TRUMP: They should be sent back to Poland. Very dangerous people.
*Watching opening credits -The Winter Olympics in PyeongChang 2018*
Me: “How do you pronounce that?”
Daughter: (Heavy sigh & eye-roll) “OH.LIM.PIKS”
HER: I’m pansexual.
ME: Oh, cool.
*quietly nudges a cabinet door shut with my foot, hiding my pots and pans*
Dance like nobody’s watching except God, the NSA, and Santa Claus.

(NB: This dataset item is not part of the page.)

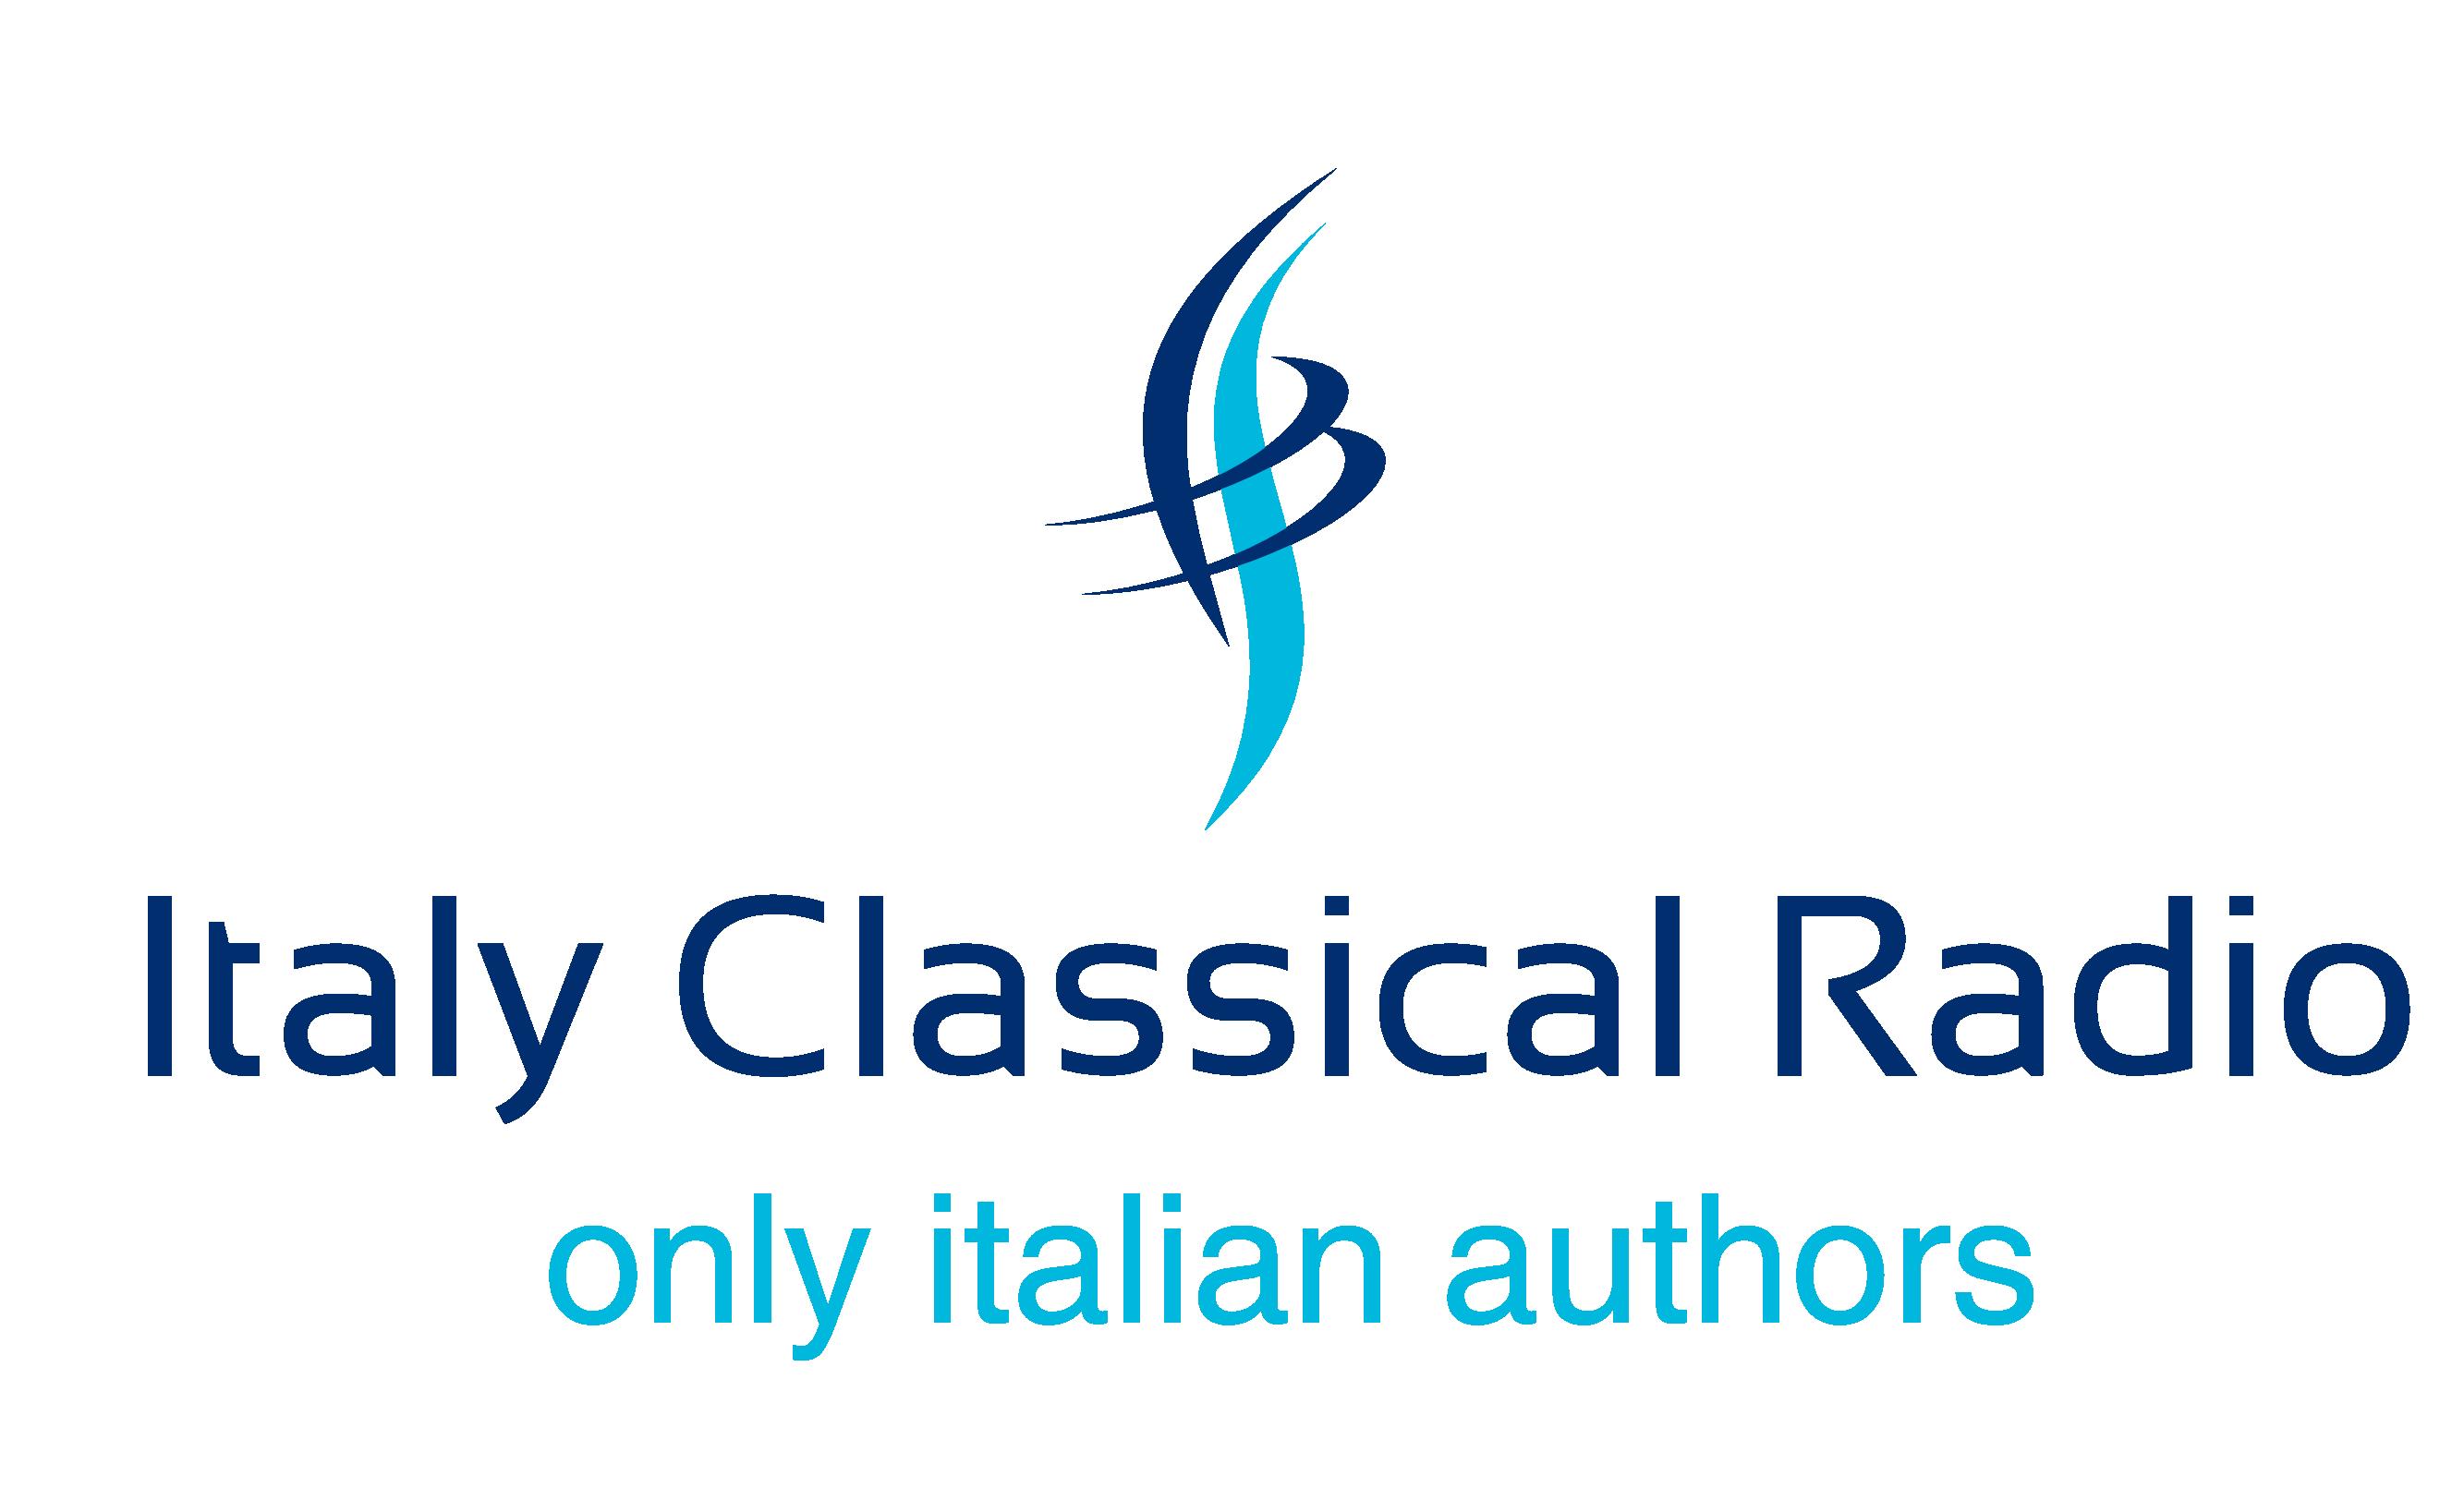 ItalyClassicalRadio
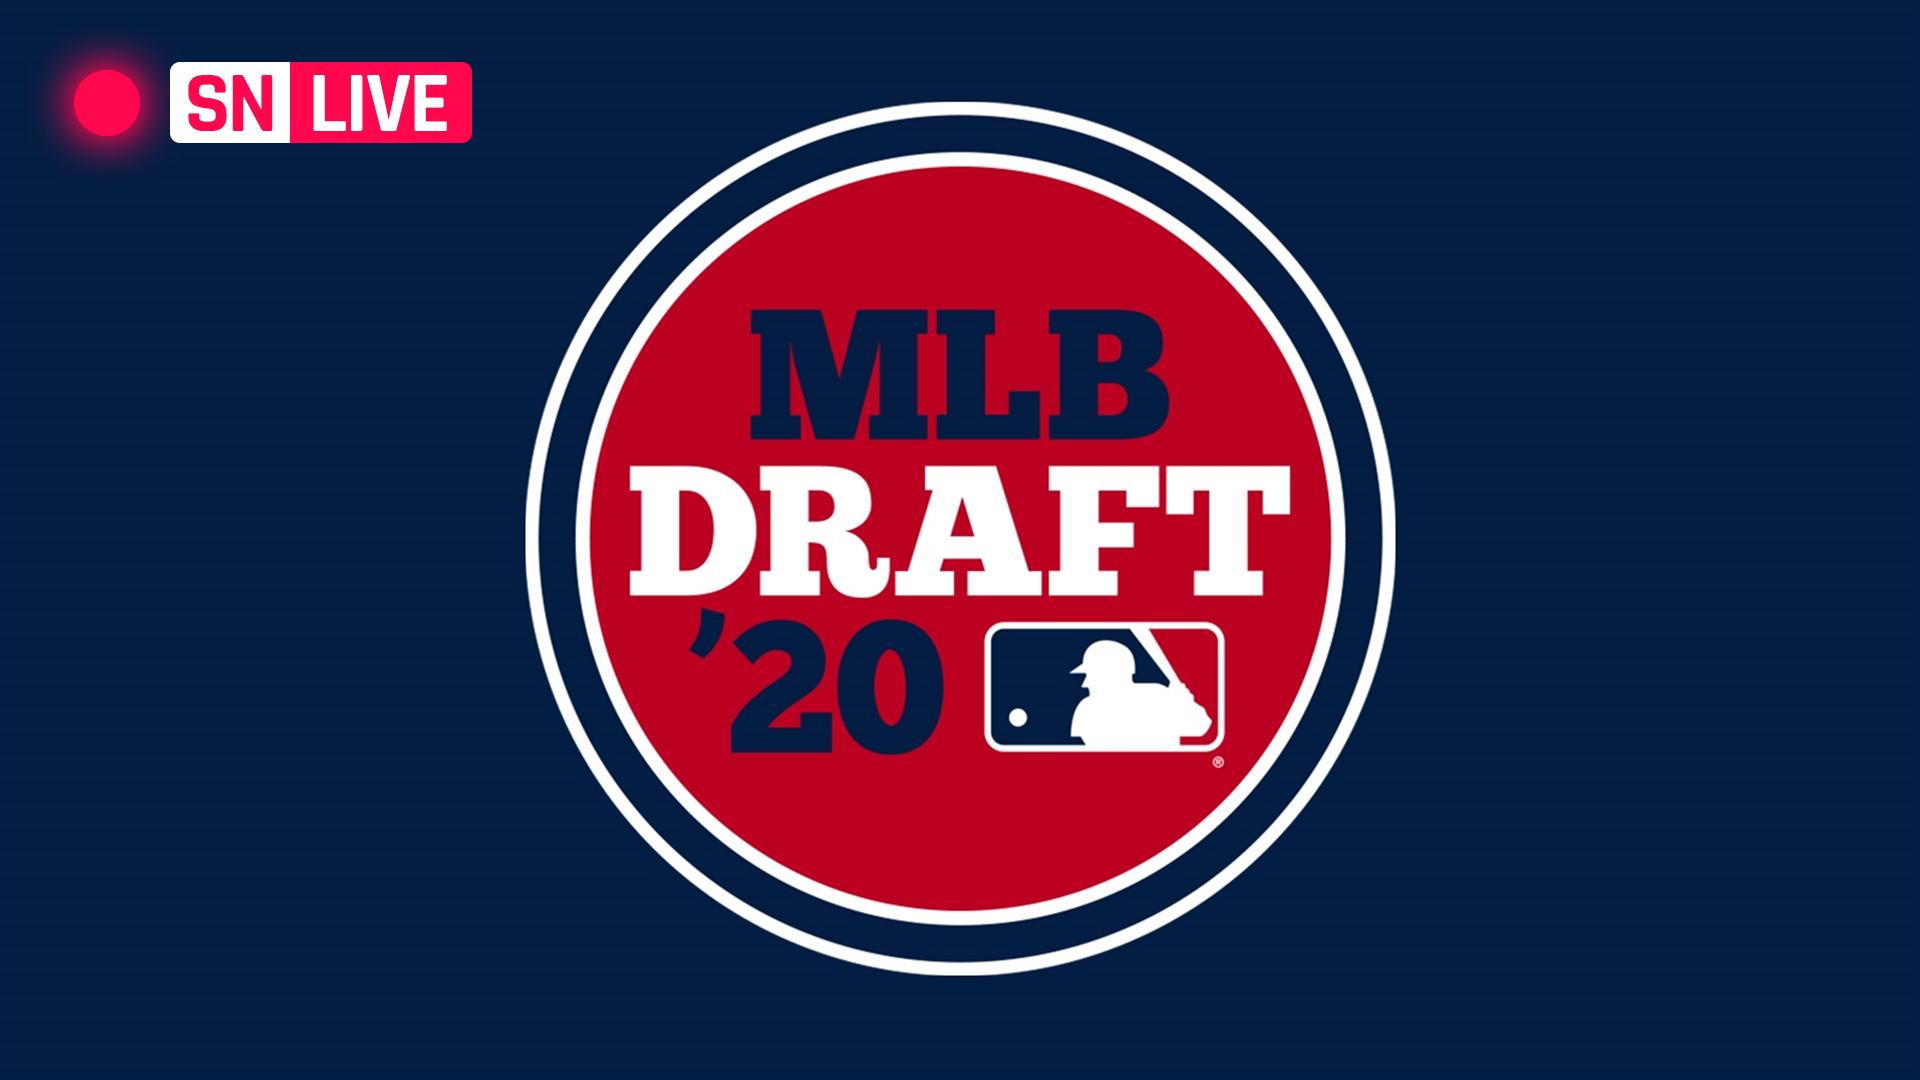 MLB Draft tracker 2020: Live results, complete picks list for Rounds 1-5 in baseball draft

I think u would all treat me a lot better if i possessed a small amount of plutonium
[creating man]
GOD: They need air to live
ANGEL: Done
G: And food
A: Ok
G: Use the same hole for air and food so they die sometimes
A: wtf?
i just overheard this conversation from my family and i honestly give up jesus christ
sister: the bus driver earlier had sunglasses on + it’s been raining all day
dad:
sister: i wonder why. maybe he was blind?
dad: oh yeah, maybe
[they watch tv in silence]
me: ?????
I admire the guy who named duct tape. He was a marketing genius. He knew naming it abduct tape would be more accurate, but a harder sell.
Keeping this house spotless is tough, but trying to look busy for the three hours that the maid is here isn’t exactly a walk in the park either.
Expectations of quarantine: I’ll clean out my closets, cupboards, and book shelves. I’ll cook, bake, read, exercise, and catch up on paperwork.
Reality of quarantine: I’m a 600lb blob of mashed potatoes on the couch with a hot pink post it note that says, “She tried.”
Female villains are largely glamorous, confident, articulate, and have a lot of resources at their disposal. I’m searching for the downside.
Employment is basically an arranged marriage with your coworkers.